§ Exercise brief
Which lines of the entries below hold the word "Metric"? Report each of them.

§ Records provided
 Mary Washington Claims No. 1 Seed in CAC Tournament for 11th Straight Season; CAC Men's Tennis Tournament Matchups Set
...
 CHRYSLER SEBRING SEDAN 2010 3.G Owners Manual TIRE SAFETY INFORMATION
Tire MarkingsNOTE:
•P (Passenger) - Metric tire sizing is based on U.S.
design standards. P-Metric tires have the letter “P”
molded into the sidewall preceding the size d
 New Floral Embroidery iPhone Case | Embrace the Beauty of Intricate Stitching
* * *
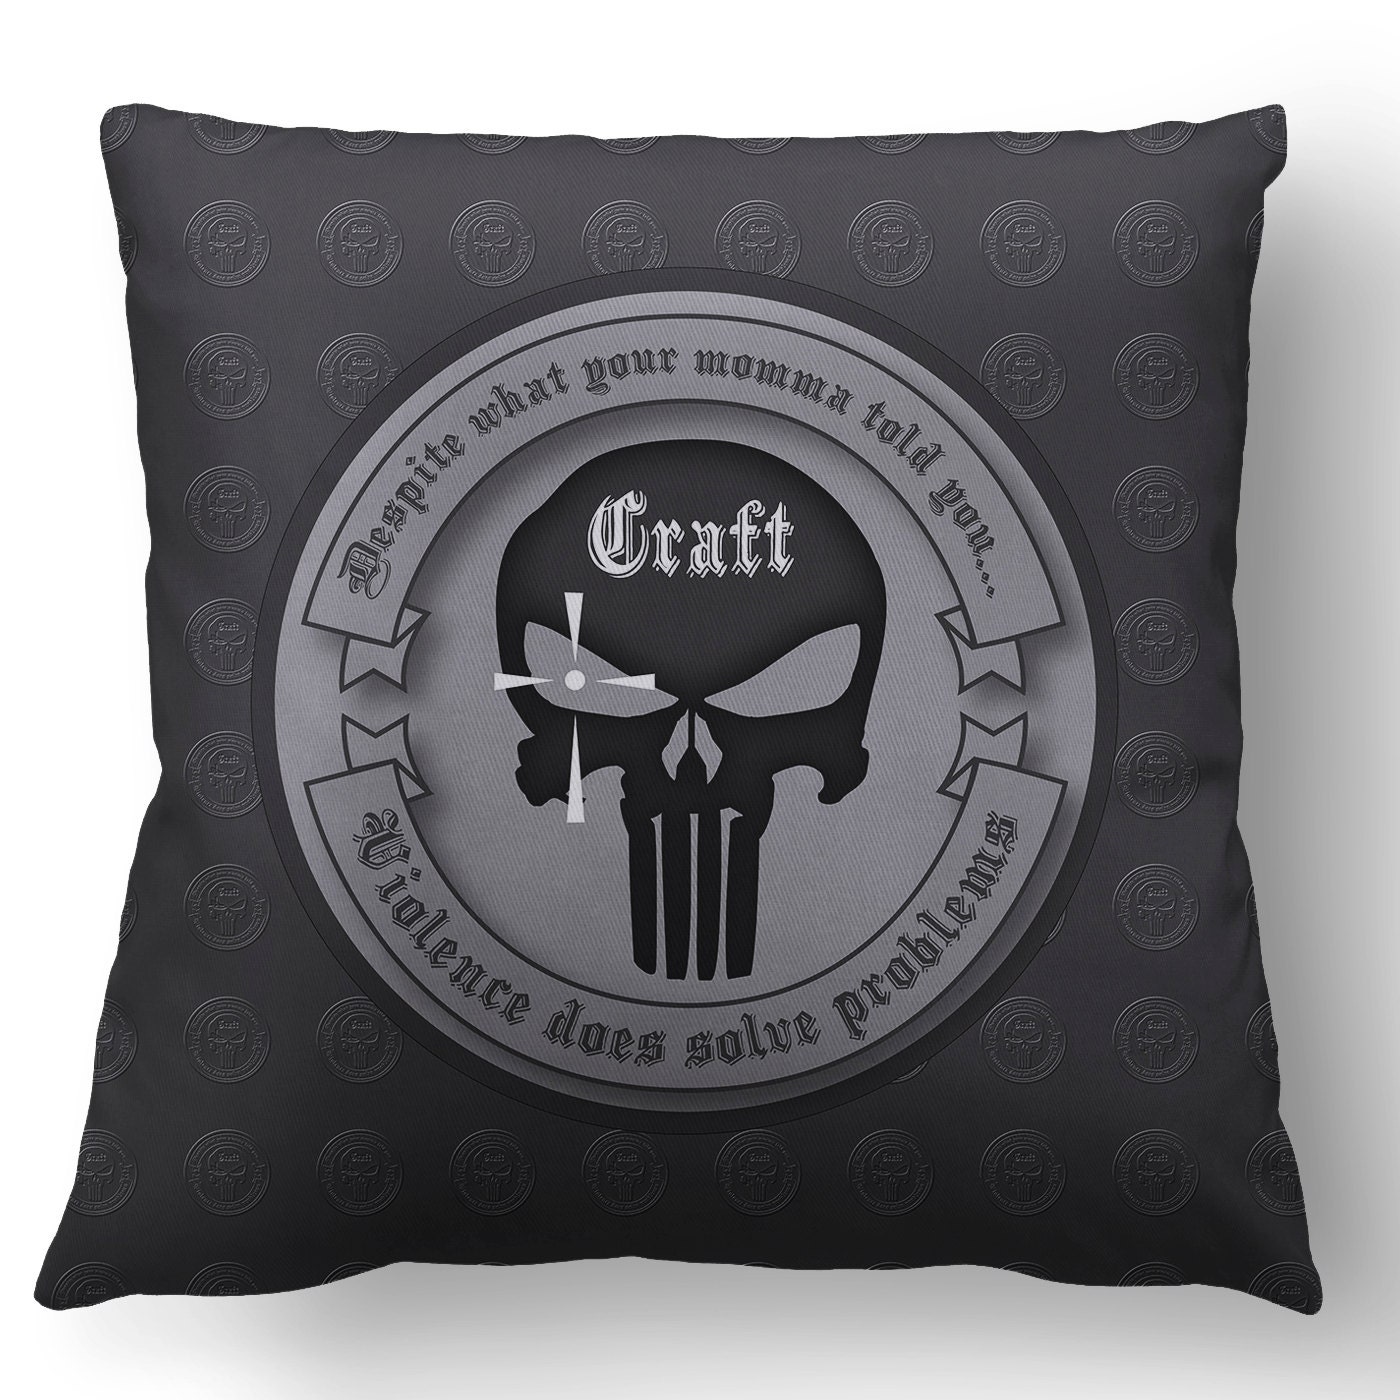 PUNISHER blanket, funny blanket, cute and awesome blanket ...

§ Expected answer
•P (Passenger) - Metric tire sizing is based on U.S.
design standards. P-Metric tires have the letter “P”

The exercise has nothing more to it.